Two different cost curves live on the same axis. What does it cost to ignore the 2.3% that slips through the threshold — and what does it cost to chase that last 2.3% and close it? Priced, both ways, in a real study.
A melanoma registry followed 9,063 patients across 28 years. 206 of them — exactly 2.27%, the “2.3%” — got a false-negative diagnosis: the melanoma was there, and the first read said it wasn’t. The threshold that decided “this one’s fine, send them home” let them through. Nobody labeled where that threshold sat. This lab is what it cost — on both sides.
● verified from source data Every number below is recomputed from the study’s released patient-level data (Kaplan–Meier survival + the years-of-life-lost model), not from a summary. Where a figure is the paper’s model-adjusted headline rather than a direct recompute, it’s marked ◐ paper GLM.
You’re at 97.7%. You declare victory. You don’t build the protocol for the edge cases; you raise the review threshold; the 2.3% flows through untouched. Here is the same disease, ten years later, split by whether the first read caught it.
● verified — Kaplan–Meier at 120 months reproduces the study exactly. Recurrence-free survival for the missed group is less than half the caught group: 32.9% vs 76.2%.
Now price the miss in time. The cost isn’t spread evenly across the 206. Most were eventually fine; the ones it killed lost decades. Press to tally it.
Averaged over everyone, the miss looks small — about 8 years. That’s the number a dashboard shows. But averages hide the shape: for the patients the miss actually kills, it’s ~23 years each, and the youngest lose the most. The system didn’t fail catastrophically. It failed quietly, at the margin, in the patients nobody was watching.
Flip the axis. Say you decide the 2.3% is unacceptable and you go get it. Now a different law bites: diminishing returns. Getting from 0% to 90% is cheap — you’re clearing gross errors. Getting from 97.7% to 99.9% can cost more than everything before it combined: second-read mandates, AI-assisted review layered over clinical judgment, biopsy-threshold recalibration (which mints its own false-positives and anxiety), regulatory overhead. Drag the target and watch the marginal cost.
Illustrative model — the shape, not the price. Marginal cost rises like 1/(1−p): each fraction of a point past the knee costs disproportionately more than the last. Same curve shows up in Six Sigma manufacturing, aviation safety audits, and hydrologic model calibration.
Put both axes on one chart and it forces a real decision instead of a reflex: we know what it costs to miss the 2.3%. We know what it costs to eliminate it. Where does the system sit right now — and who decided that?

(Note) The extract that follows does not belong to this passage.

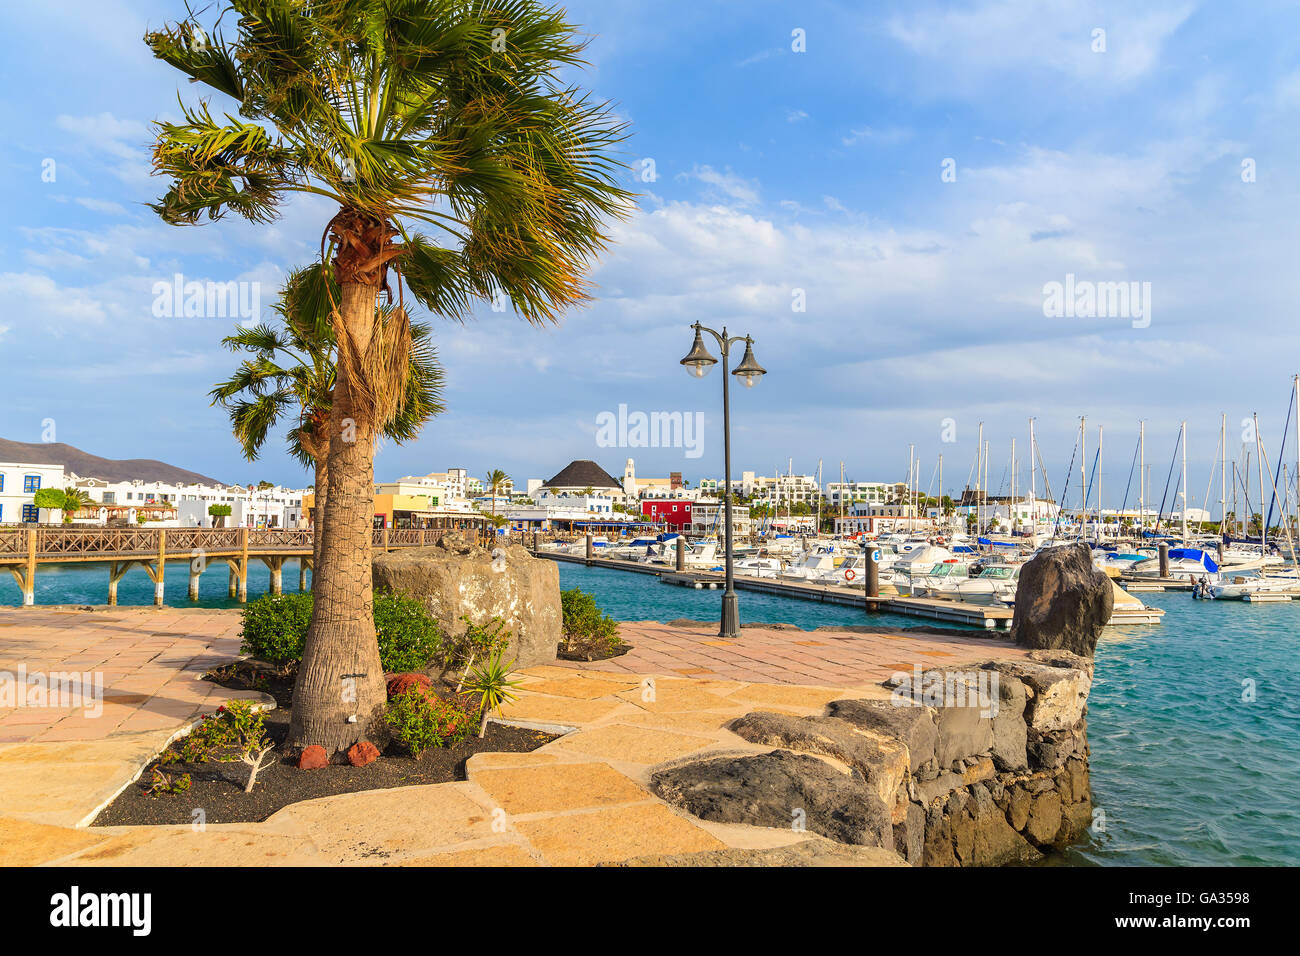 MARINA RUBICON, Lanzarote Island - JAN 11,2015: vista di Marina Rubicon edifici con yacht barche di ormeggio. Le isole Canarie sono meta di vacanze grazie al clima soleggiato tutto l'anno. Foto Stock

That is the Legibility Problem: the data passed, the structure was misleading, and someone paid for it. It is domain-independent — the transferable skill isn’t reading a dermoscopy image or a flood model, it’s learning to ask where the threshold is, who set it, and what happens to the fraction that falls through. Once you see it in one domain, you can audit any system for it.
| Domain | The miss | The threshold problem | The cost metric |
|---|---|---|---|
| Medicine this lab | 2.3% false-negative melanoma | diagnostic threshold lets cases slip; nobody labeled where it sat | years of life lost |
| Hydrology Lester’s Lab | flood-map discrepancy at the margin | algorithm flags auto-closed, human-review bar raised | property, lives at risk |
| Catalysis on the Docket | a mechanism claim vs. the evidence for it | where does “proven” sit, and did the validation reach it? | credibility, wasted research |
The catalysis exhibit is parked on ⏳ The Docket — the holding room, now built, where a case waits before it’s sorted into Sledgehammer, Caliper, or dismissed. Its first exhibit, The Knot That Waits, is already up. The catalysis paper may turn out to be the “did-it-right” contrast rather than another miss — it gets read before it graduates.